Student Mehwish Khan, 21, said she ran to the Charles E. Young Research Library, where many other students were hiding. At around 10:45 a.m., she said, she and others had barricaded themselves in a restroom where they texted family and friends who were all giving different information about possible shooters.

“We are getting messages from all over,” she told a Los Angeles Times reporter in a text message.

Asked how she was doing, Khan said, “Okay. Just scared. And scared for all of my friends.”

Many students spoke with reporters only via text to adhere to UCLA protocol that asks students not to speak on their phones in such situations, they said.

Rafi Sands, vice president of UCLA’s student government, said he and about 30 other students used their belts to secure their classroom door after news of the shooter spread.

Sands, 20, of Oakland, said several different accounts of the shooting were funneling across campus through text messages and social media, and it took several minutes for the campus community to realize the seriousness of the situation.

“We get a lot of Bruin Alerts for small things,” he said. “It took a while for everyone to realize this is serious.”

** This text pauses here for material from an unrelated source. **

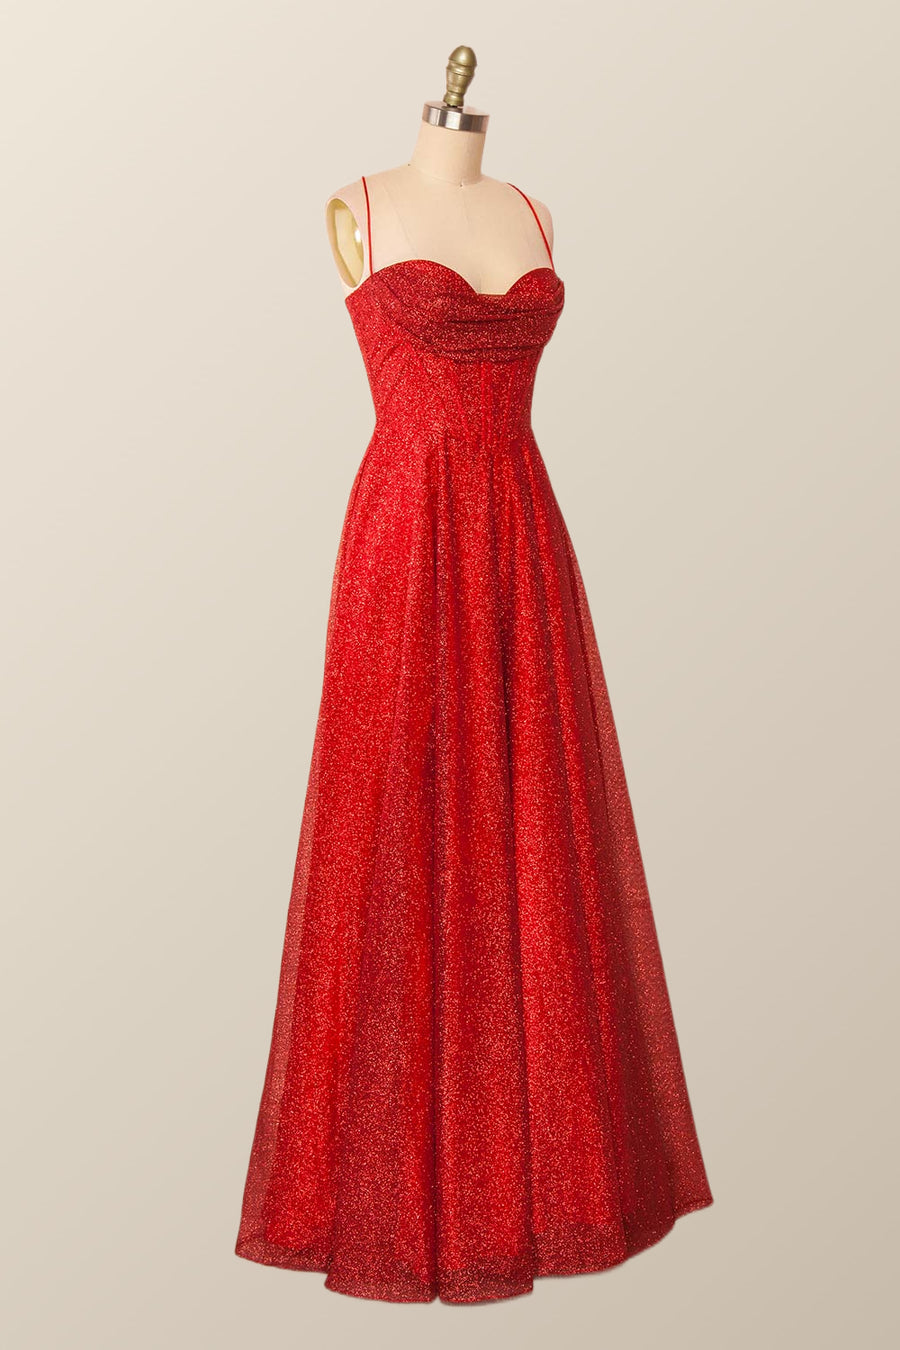 Cowl Neck Red A-line Long Formal Dress

Nick Terry drove to his architecture class from L.A.’s Silver Lake neighborhood expecting to take a final at 11 and give a presentation at noon.

His vision for the day was quickly shattered when he arrived to find there was an active shooting situation on campus.

Terry, 29, said he felt more anger than fear.

“It just seems so pointless,” he said. “Two days left of school and it’s going to end on this note?”